From your symptoms, I'm inclined to blame the wheel/drivers more than F1 2012. In particular the Fanatec wheels, while excellent, are a little....small-company and aren't flawless. Its quite possible the wheel is crashing or overheating, or has a compatibility issue.

I'd recommend:
- updating the firmware in the wheel
- updating the drives
- turning down the FF effects (to reduce power/heat usage)

(sorry if the above is just sucking eggs)

Otherwise you might have more luck on the Fanatec forums - they tend to be a good bunch as I recall (particularly the CEO...Thomas?)

How are your pedals connected? I guess this would be the decider; if they're connected via the wheel and they go dead too then thats one thing - if they're connected direct to the PC and they still go dead at the same time that's different.

Btw - you have the Clubsports (excellent pedals!) - but please do connect tthem directly to the PC; as I understand it there are USB bandwidth limitations meaning that the sample rate and/or precision is reduced when sharing the connection with the wheel - connect them directly to get full resolution. (correct me if I'm wrong - but that's what I've been understood from a lot of forum trawling over the years. not for all devices, but for these at least).

Good luck :)


Thank you Shivars for the detailed reply! ;)

I've been doing a little troubleshooting of my own since I read your post...
The problem seems to be in the latest Fanatec drivers. Version 144.

The reasoning for this conclusion being that I connected my Clubsport pedals separate from the wheel this time via usb cable and they stop responding along with the wheel.
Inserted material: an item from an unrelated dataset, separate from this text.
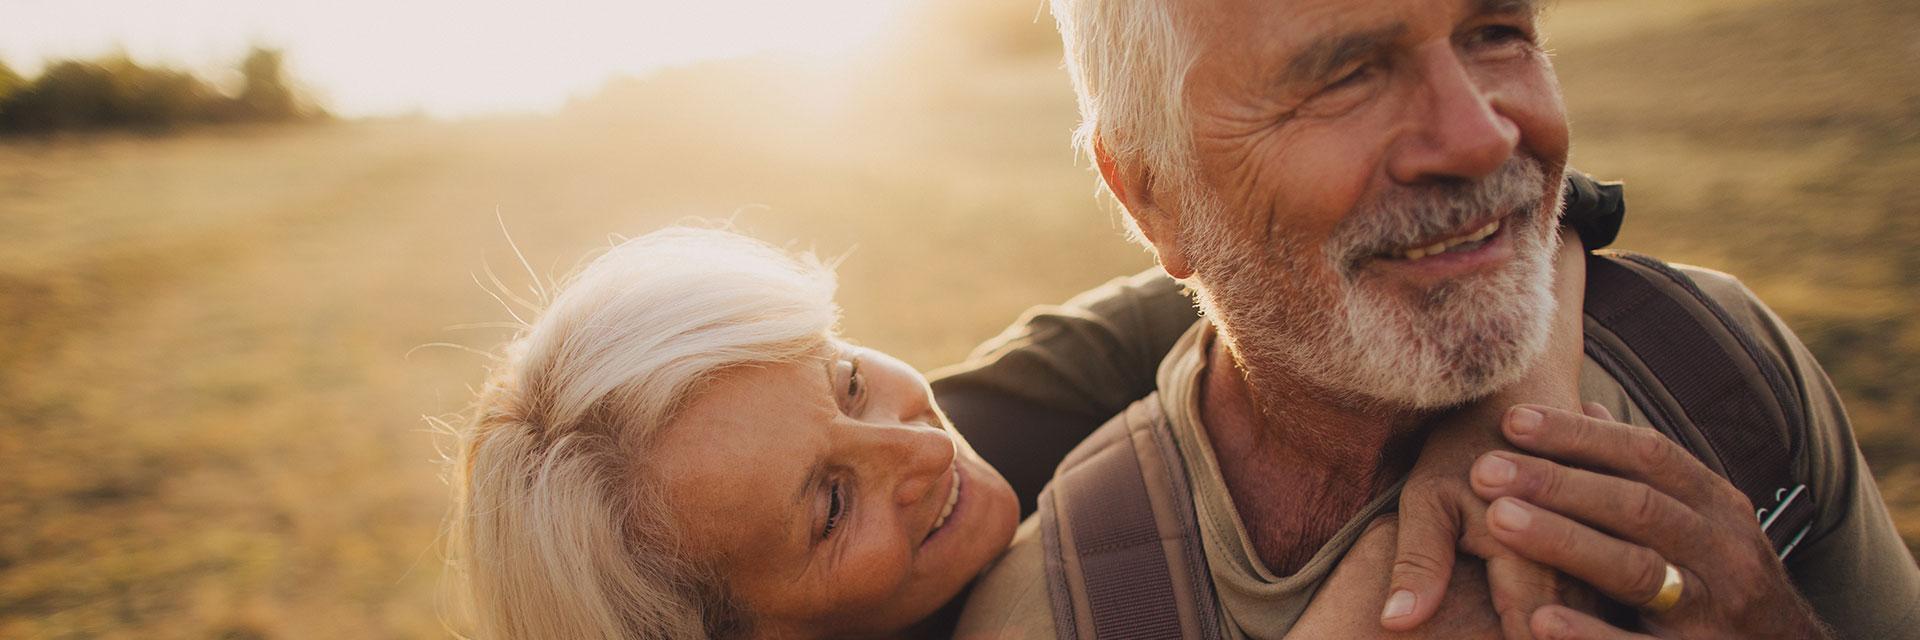 Healthy Aging Ashwagandha

The wheel does work again if you power it off and on again, but without FFB.
The pedals on the other hand dont have a power off button...you have to unplug the usb cable from the pc and back again to get them working again.

What do you think?
Could it be the drivers rather than firmware or overheating problems?
I should also mention that the wheel is surprisingly cool when this happens.
It usually gets hotter in other games but without any overheating problems.
mmm if the pedals are connected separately from the wheel, and they stop responding too, then its a driver issue - or your PC is otherwise borked.

I assume you don't have the same problem at all in other games - even after long periods of driving?

(I found iRacing a good benchmark of this; it has good FF all over the place because of the track detail, and circuits like Infineon in Star Mazda are a rapid-but-smooth workout of pedals and wheel movements. calibration or other problems always seemed much more obvious in iracing than other games/sims).
I mainly race on consoles for longer periods of time, not much driving time with the Fanatec on the PC unfortunately.
I have tried Project CARS for an extended period of time without any of the above symptoms.
I've been curious to try out iRacing, scared away though by the pricing...
I have also posted the details on the Codemasters F1 2012 forum, curious to see if someone else has encountered this problem...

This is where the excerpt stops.